- Directions for this task -
Within the lines below, the span from the line with "Bloomfield 9600 Single" to the line with "Two-child benefit cap: Yvette", both ends included, is to be reproduced exactly, with pictures omitted.

- Supplied records -
####

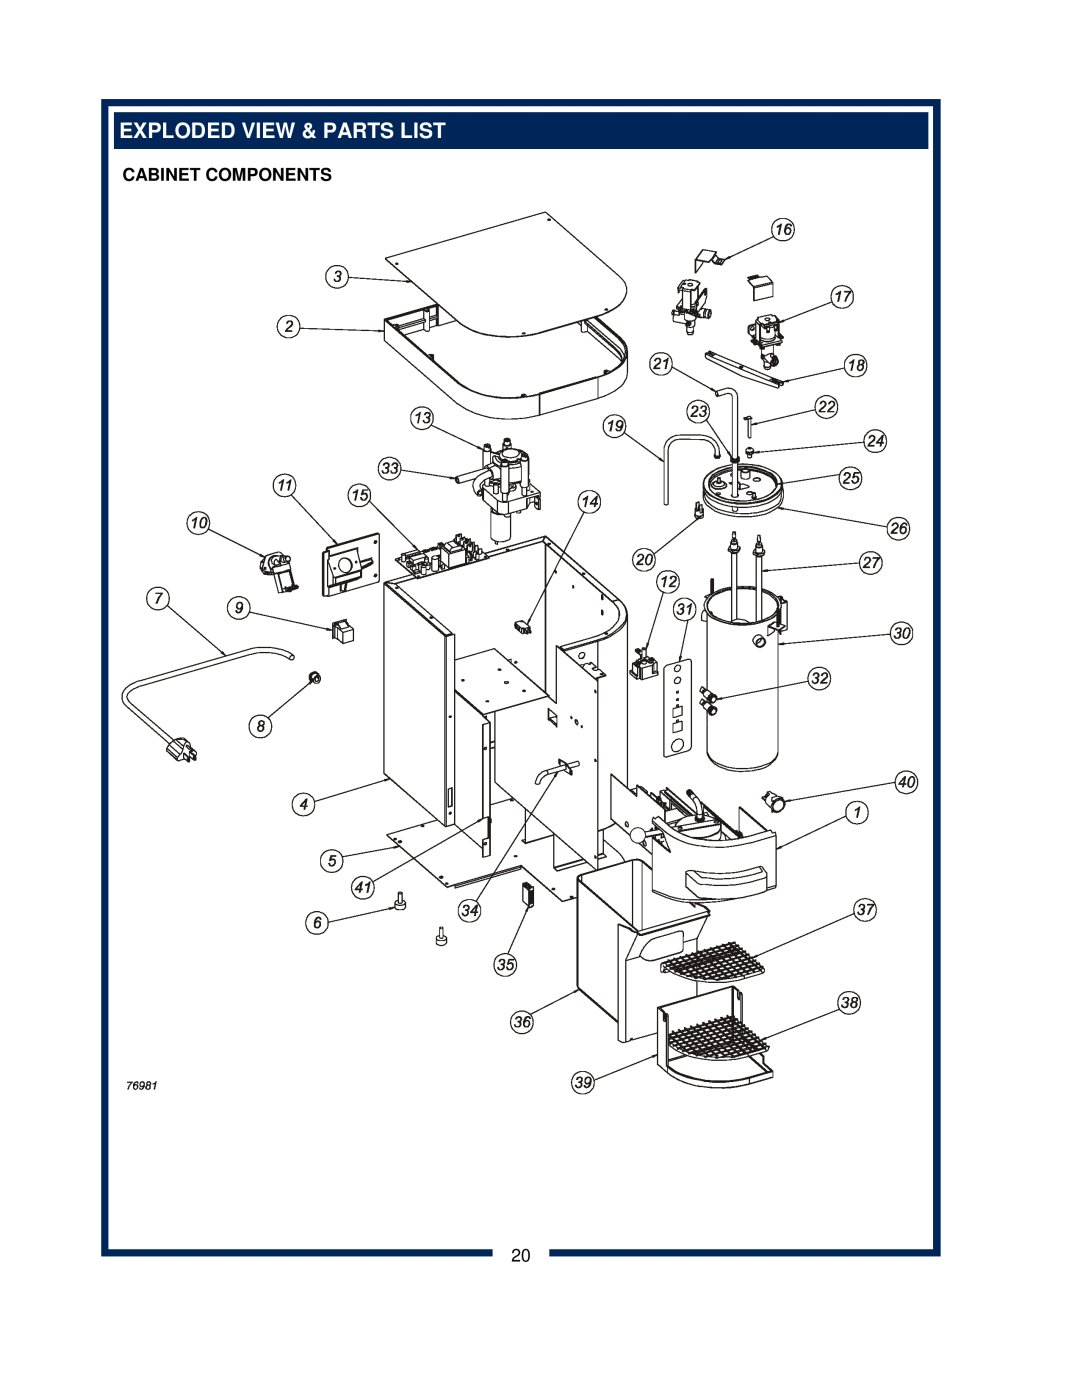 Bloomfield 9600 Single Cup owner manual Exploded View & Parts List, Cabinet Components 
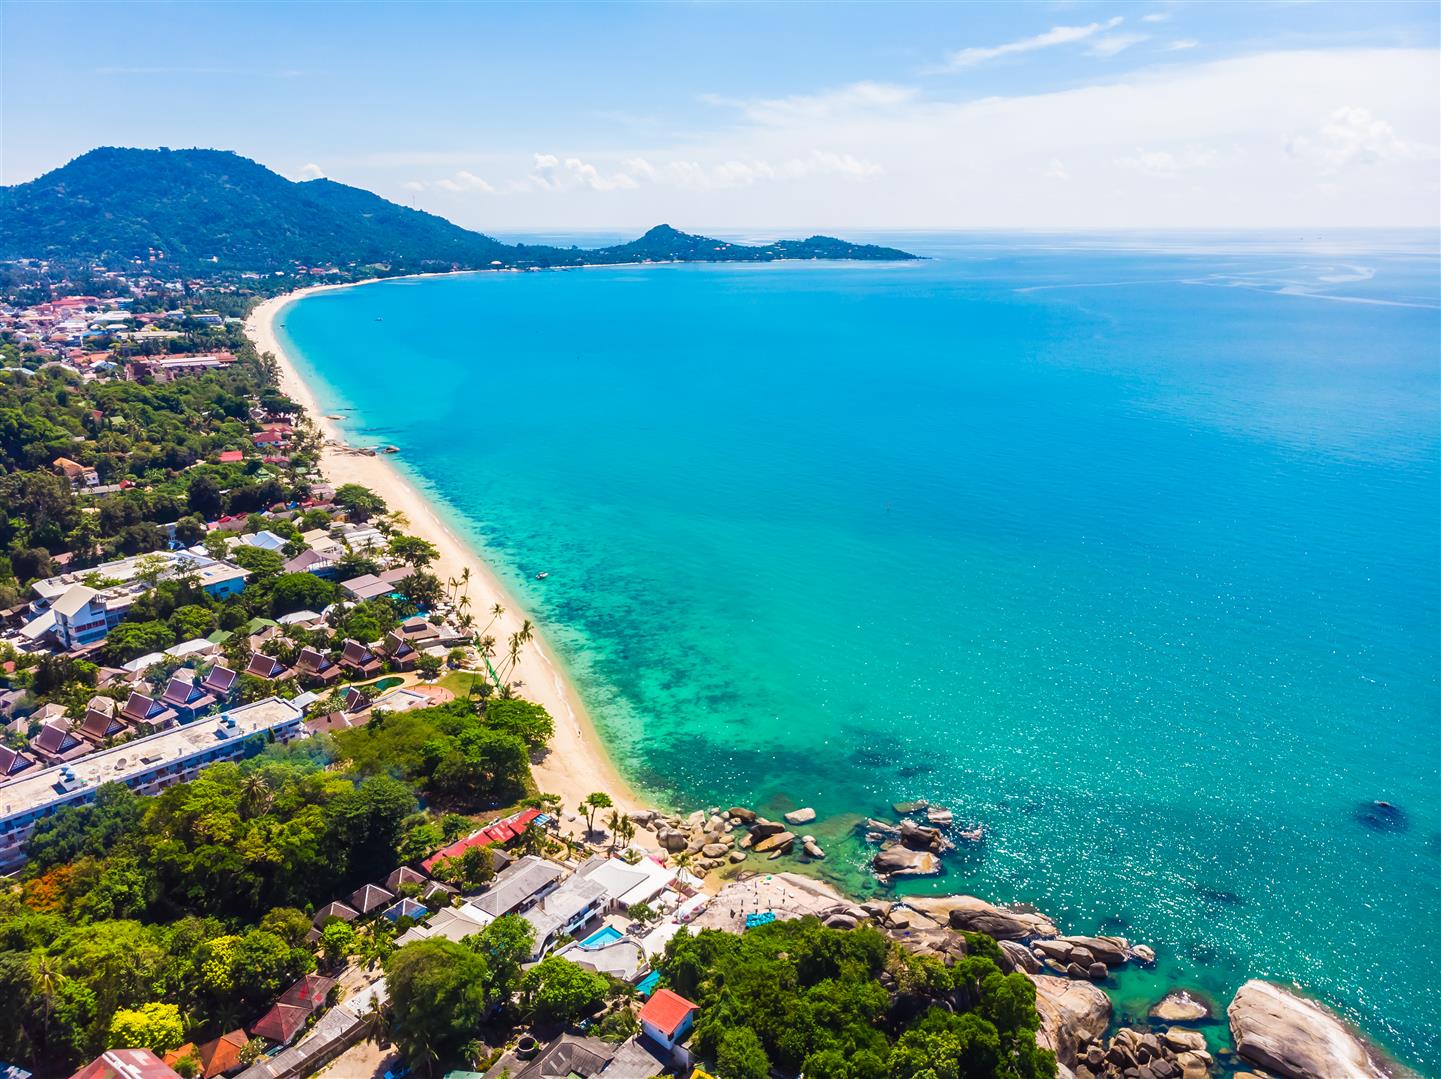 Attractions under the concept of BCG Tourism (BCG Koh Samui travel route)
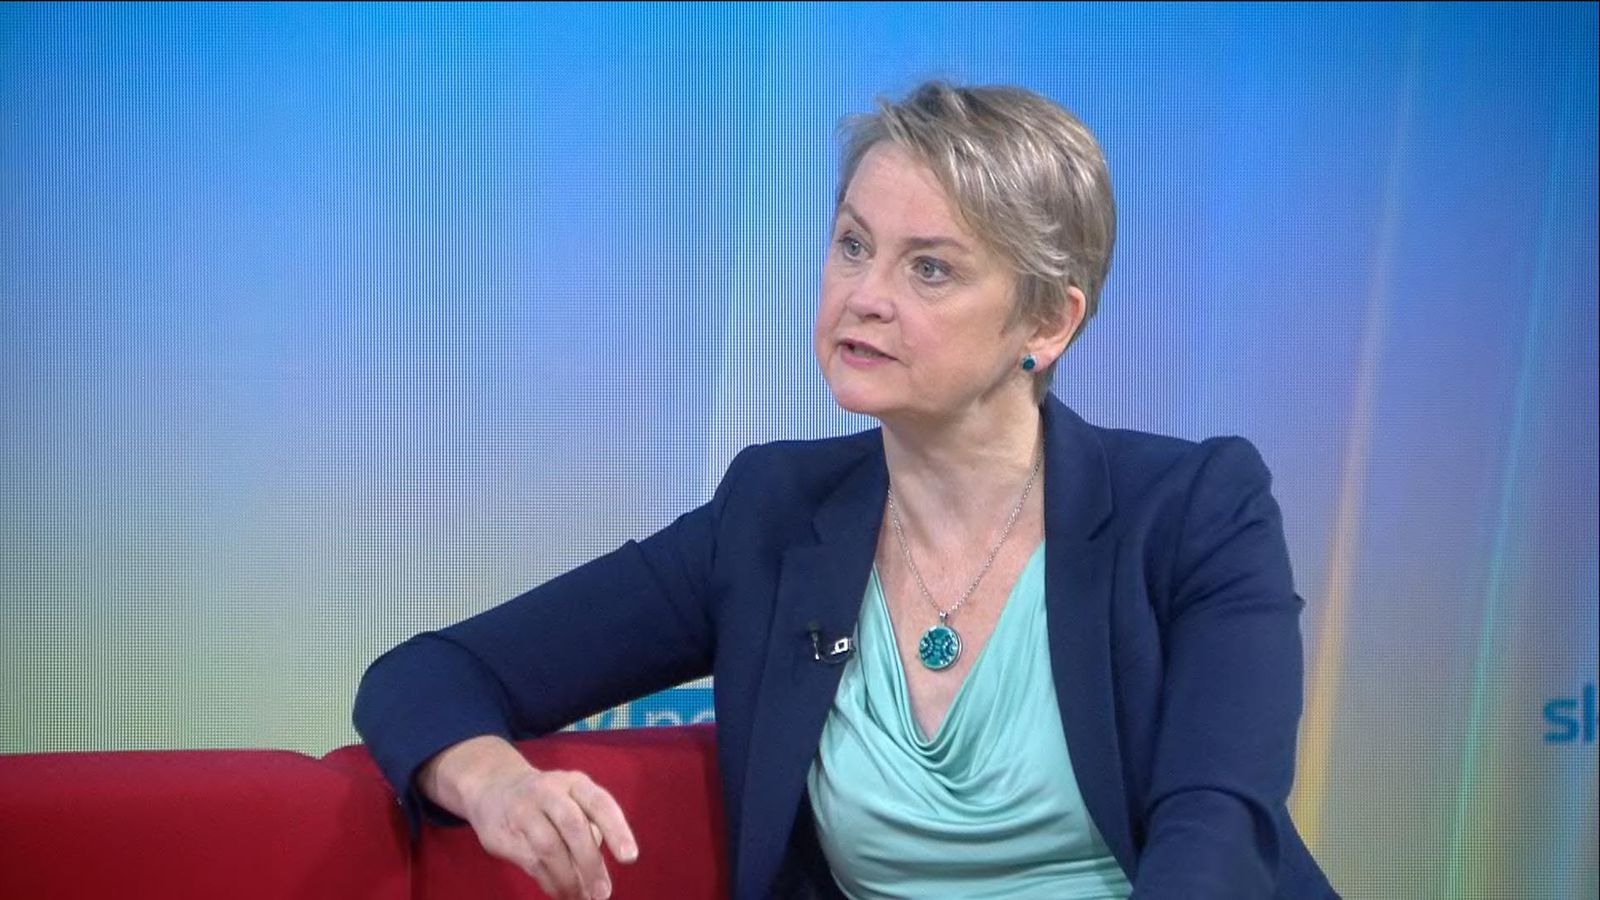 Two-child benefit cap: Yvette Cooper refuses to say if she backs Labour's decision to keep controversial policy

####

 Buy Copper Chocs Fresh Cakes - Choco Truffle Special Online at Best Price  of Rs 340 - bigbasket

####

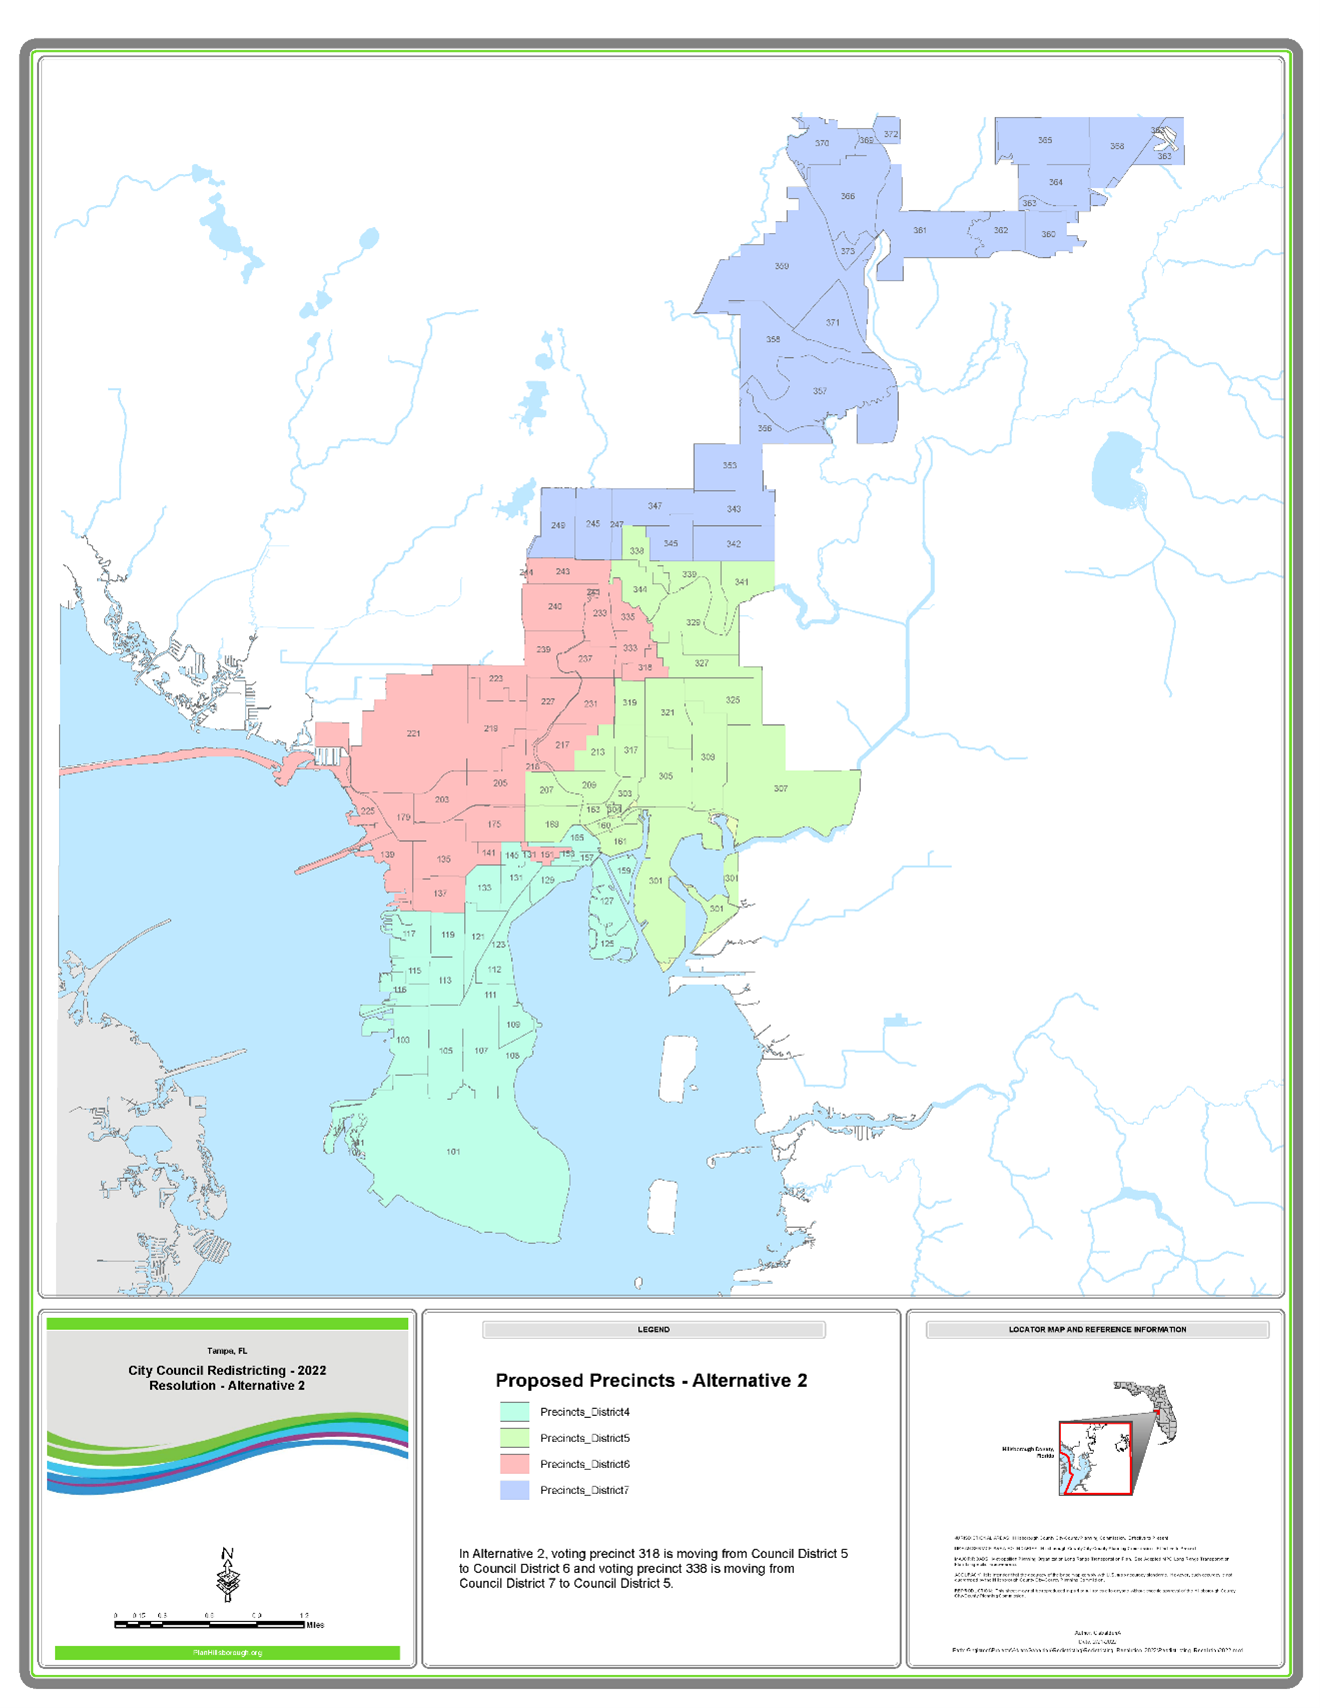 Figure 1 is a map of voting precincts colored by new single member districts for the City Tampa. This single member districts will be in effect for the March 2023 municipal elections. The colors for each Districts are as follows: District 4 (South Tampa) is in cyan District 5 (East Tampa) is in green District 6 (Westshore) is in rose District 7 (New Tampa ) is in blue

####

- Task answer -
 Bloomfield 9600 Single Cup owner manual Exploded View & Parts List, Cabinet Components 
 Attractions under the concept of BCG Tourism (BCG Koh Samui travel route)
 Two-child benefit cap: Yvette Cooper refuses to say if she backs Labour's decision to keep controversial policy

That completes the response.